# Man as a psychosomatic unity



## cih1355 (Mar 11, 2009)

I've been reading Hoekema's book, _Created in God's Image_, and he says that the Bible treats man as a unitary being. The physical, spiritual, and mental aspects of man are interwoven. Hoekema does not like to use the words, "dualism", or "dichotomy", to describe the fact that man has both a physical side and a non-physical side because those words do not do justice to man's unity. Do you have any thoughts on this?

Hoekema says that man's psychosomatic unity has implications for counseling. When counseling someone, the whole person might need help. A physical, spiritual, or mental problem should not be dealt with in isolation from the other aspects of man's nature. Spiritual problems can cause mental problems and vice versa. Physical problems can cause spiritual problems and vice versa. 

Are there truths about man's nature that cannot be obtained from the natural and social sciences?


----------



## Herald (Mar 11, 2009)

The material and immaterial parts of man are interwoven, but not static. The physical cannot change. One head, two hands, two legs, warm blooded etc. The normative human body has been designed by God (mutations, injuries and intentional modifications notwithstanding). It has a life expectancy that may or may not exceed the average. We can expect no great changes in the physical from generation to generation. On the other hand the immaterial part of man, while starting at a common beginning for all men, is subject to change; although not of it's own volition. The natural inclination of the fallen individual is a physical body that is dying combined with a spiritual nature that is already dead (Eph. 2:1). The new birth is able to transform the immaterial part of man to a living, dynamic state contrary to it's sinful inception. 

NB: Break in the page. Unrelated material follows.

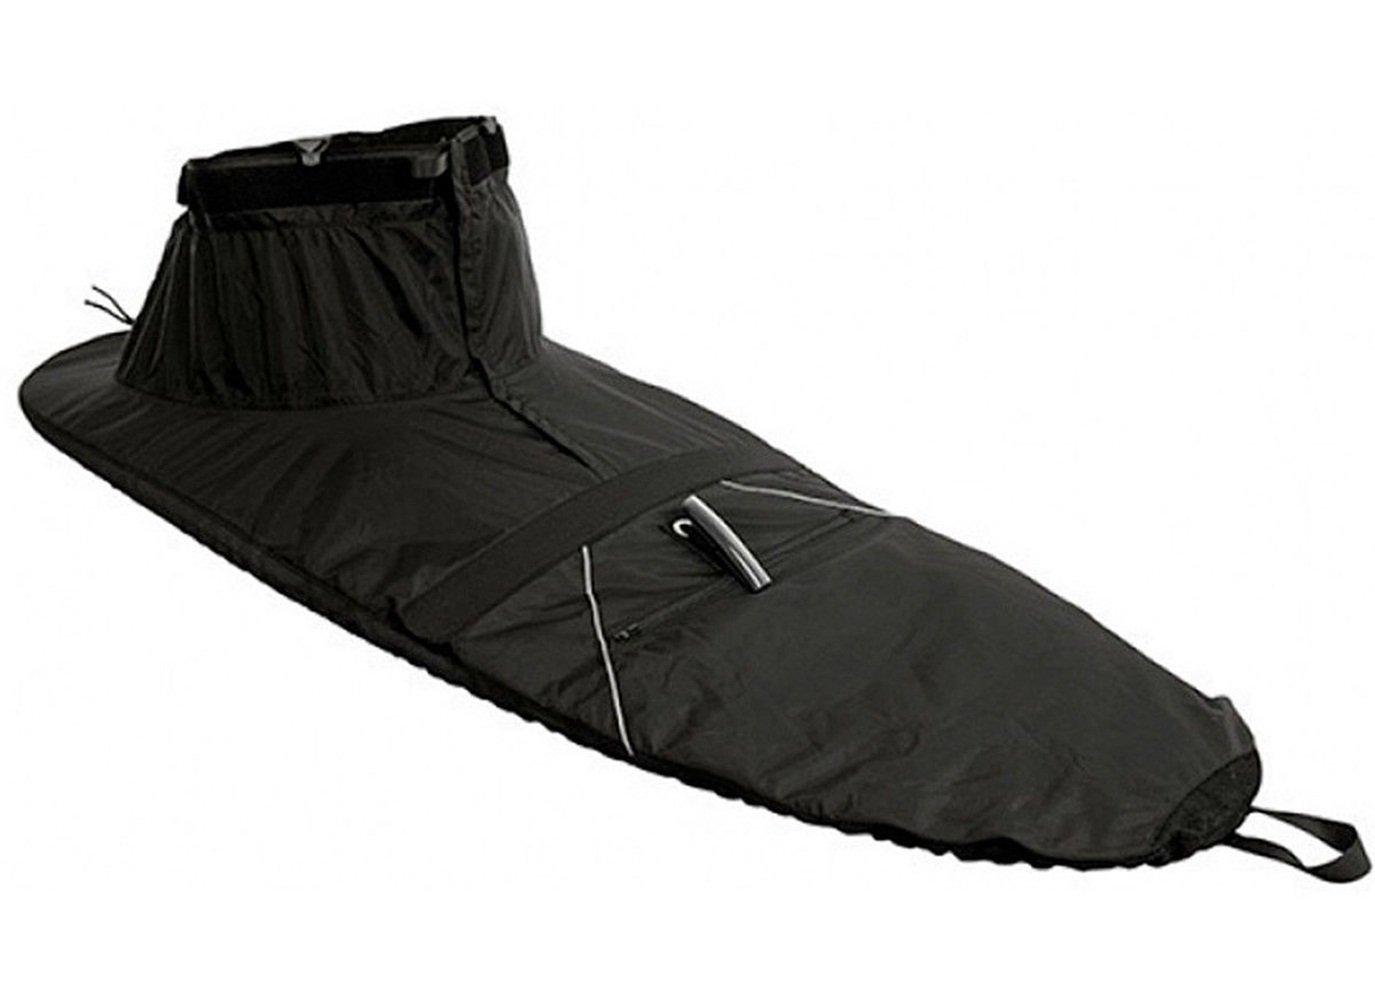 Harmony Synergy Kayak Spray Skirt with Neoprene Waist 60/23 Accessories Skirt

The human body, the material, was designed to have harmony with the immaterial. (Gen. 1:26). Sin corrupted both the material and immaterial parts of man and ushered in disharmony. That harmony is restored imperfectly through the new birth; a still fallen body but a new spirit. The harmony is perfected in glory when the new body is united with the new spirit, restoring the perfection of the garden.


----------



## cih1355 (Mar 11, 2009)

If someone has a problem with worry, depression, fear, or ADHD, would that problem originate in man's material nature or man's immaterial nature?


----------



## Herald (Mar 11, 2009)

cih1355 said:


> If someone has a problem with worry, depression, fear, or ADHD, would that problem originate in man's material nature or man's immaterial nature?



Curt,

It could originate from both. If worry, depression, fear, or ADHD is the result of sin then it would spring forth from the immaterial part of man (Galatians 5:19-21). It is also possible that these behaviors could be symptomatic of physiological problems. 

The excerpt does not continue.